Stardog's NLP extractors

Hi, I try to use one of Stardog features BITES for NLP.

I downloaded the latest jar ((Releases · stardog-union/bites-corenlp · GitHub) and put in the STARDOG_EXT.

I got follow error while restarting the stardog server:

An unexpected error occurred.
java.lang.NoClassDefFoundError: org/openrdf/model/Value

any special setting needed?

Stardog has transitioned from using openrdf to their own stark api. The extractors have been updated to use the new api but you'll have to checkout the repo and build the latest code from master.

I'm building it now. What version of Stardog are you running? It looks like it's building against 6.2.0 so if you're running 7.x it may need some minor updates to run against 7

The only changes required for 7.0.2 were setting java.library.path so that the tests would run. Other than that it looks good.

I've included a jar from that build. You'll just need to change the extension from .zip back to .jar bites-corenlp-1.1.zip (8.6 KB)

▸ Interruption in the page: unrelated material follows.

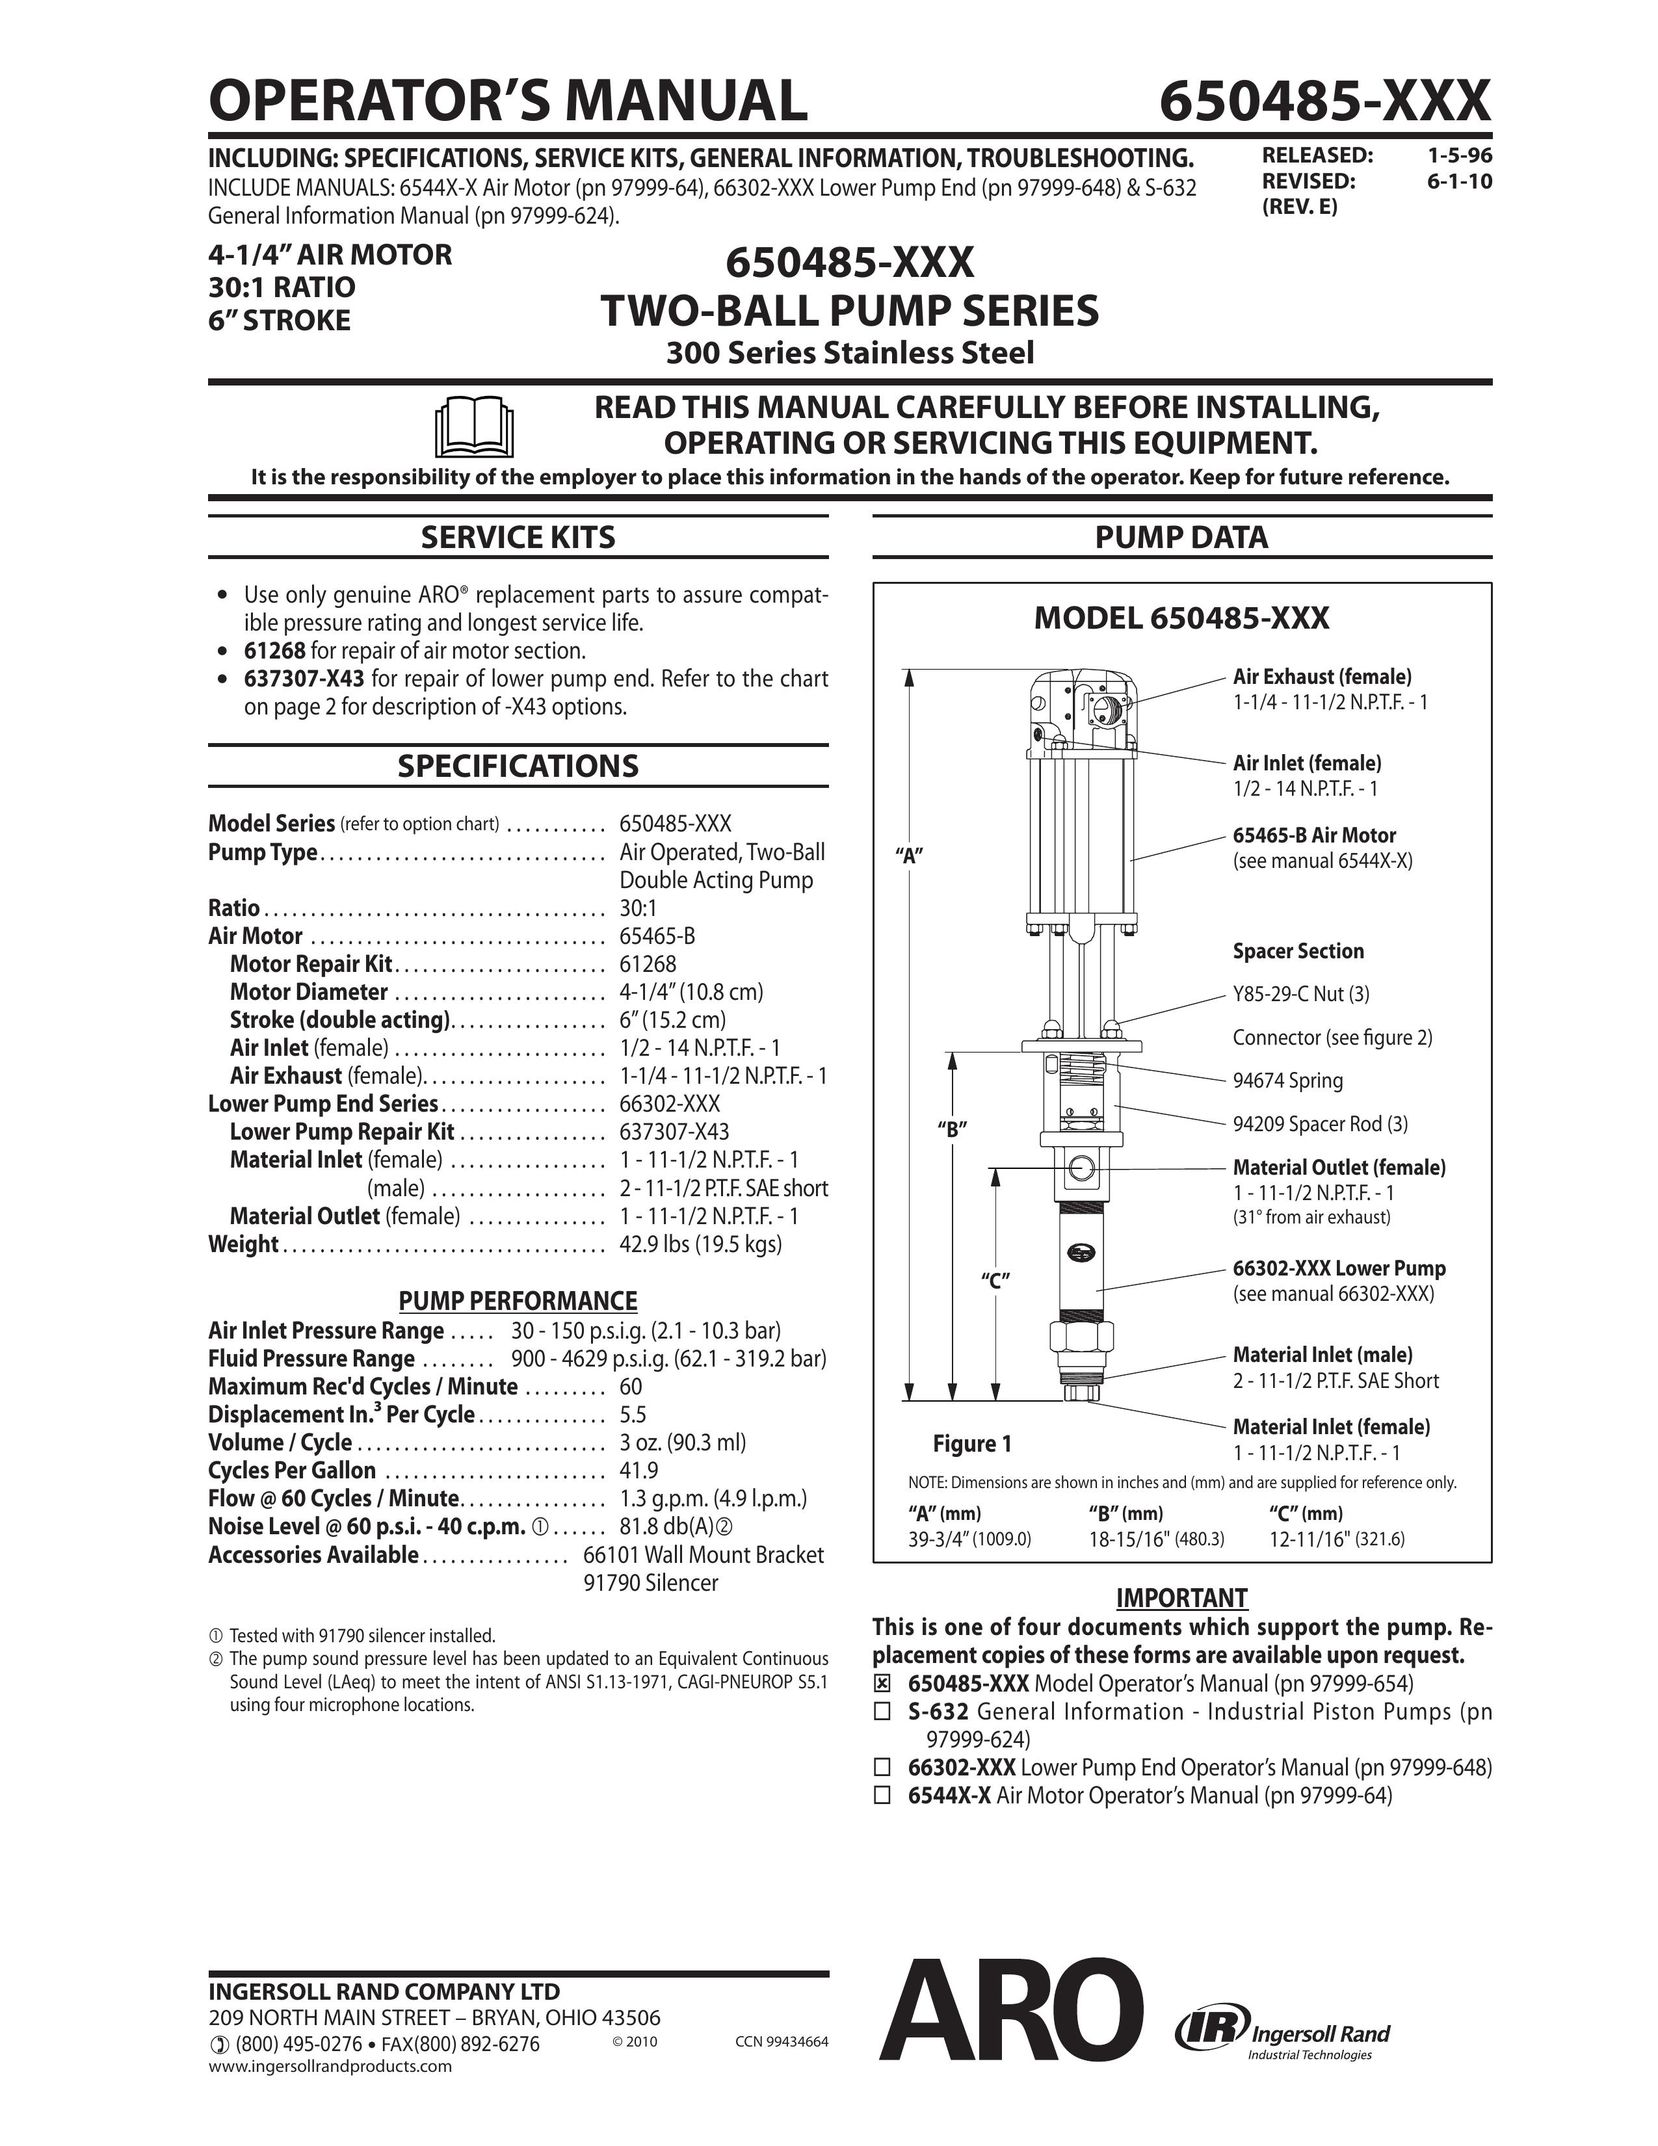 Ingersoll-Rand 650485-XXX Water Pump User Manual
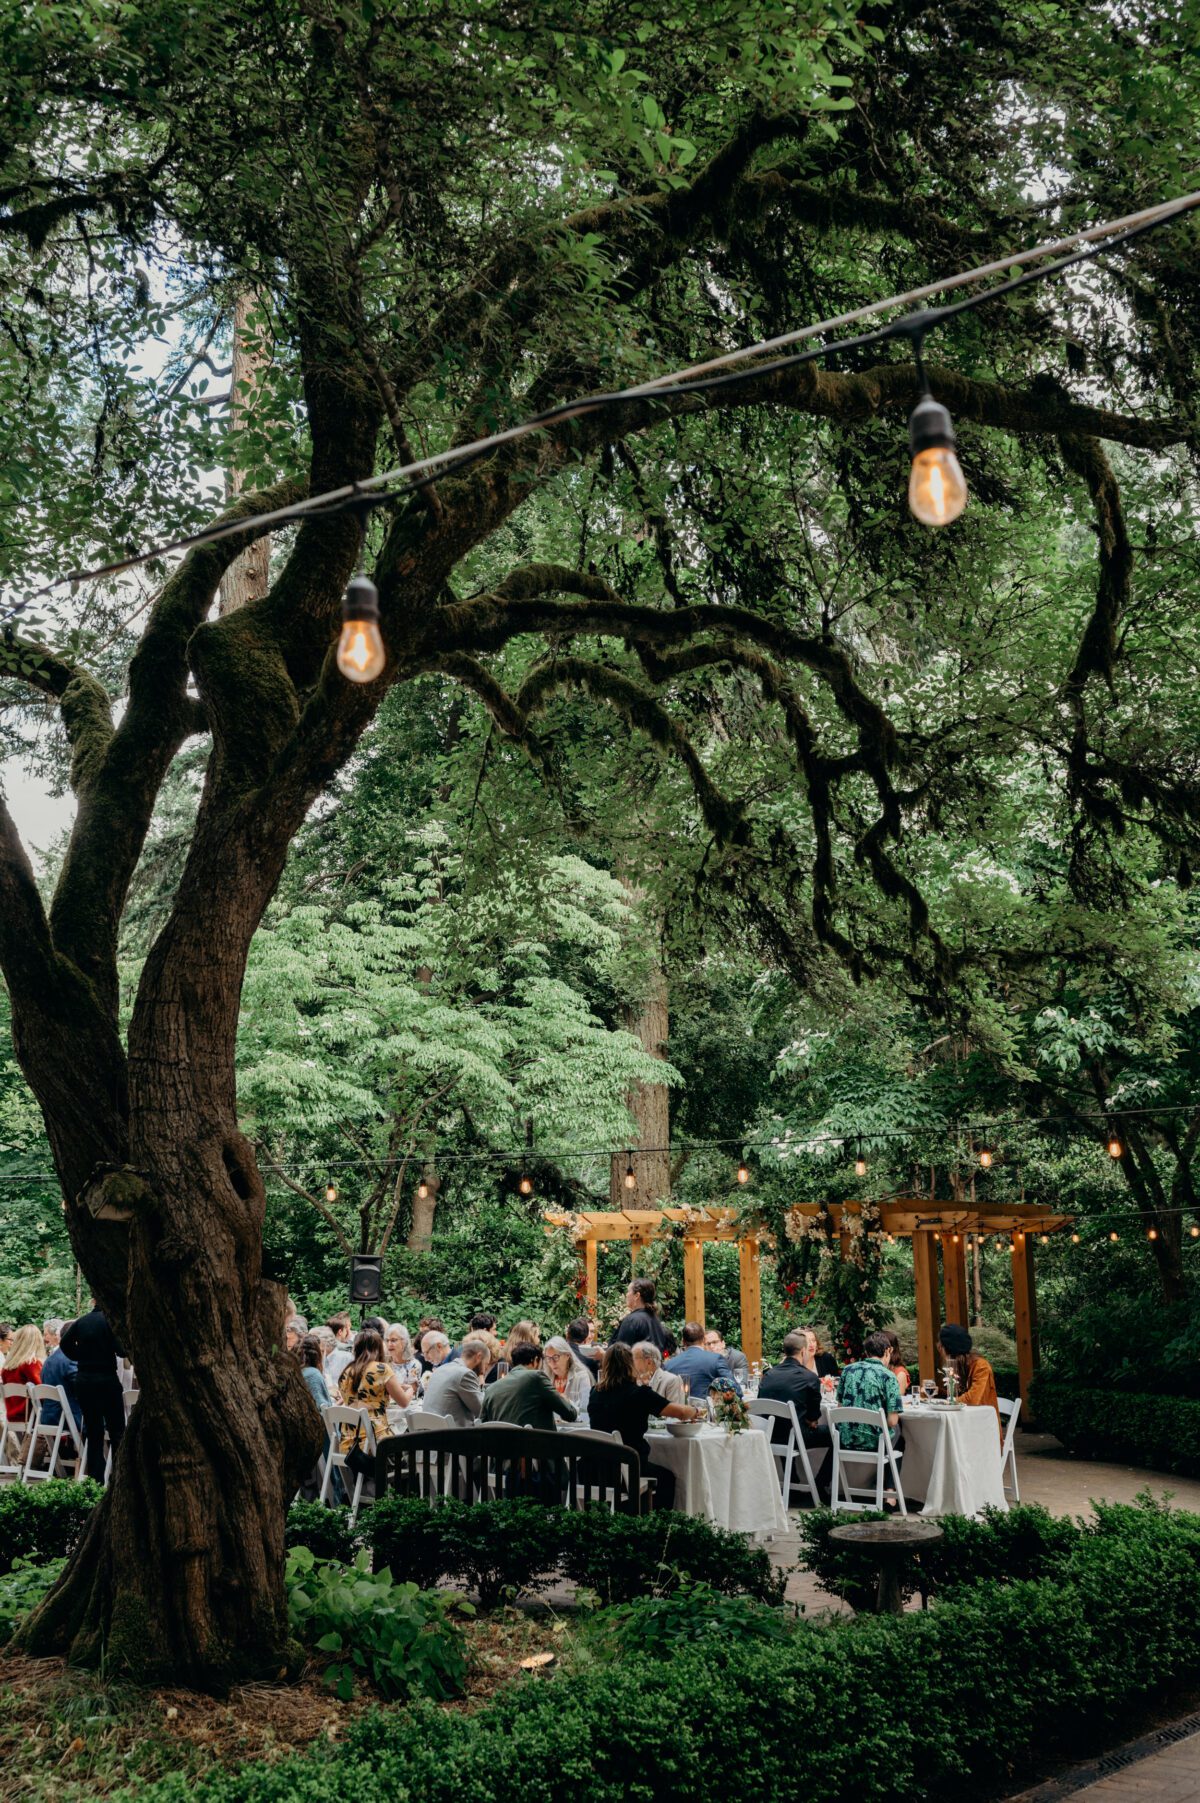 Wedding reception under the trees at Leach Botanical Gardens.

hi, we are running 7.0.1. thanks for details.

however is it possible to attach a jar file instead. the downloaded file always show as a zip file even i try to change to jar. thanks

I can only upload a file type .zip

You can download the file as is and then just change the name from .zip to .jar after it has downloaded.

thanks a lot!. it works in Linux. I was downloading in window and change extension not working.

i am able to restart Stardog server after that.

Do you have doc on how to use stardog for nlp? I created a document with following sentence: "The Orioles are a professional baseball team based in Baltimore."

run the extractor as
stardog doc put --rdf-extractors CoreNLPMentionRDFExtractor documents test.doc

return edu/stanford/nlp/pipeline/CoreDocument

I try to query any triple in database, but there is nothing returned.

@zachary.whitley you just built the "normal" Jar file, but I'm pretty sure you'll need the fat Jar. BITES uses NLP based on Stanford CoreNLP which uses very huge pre-trained models. Given that BITES is an extension, those models are not shipped with the standard Stardog direstribution.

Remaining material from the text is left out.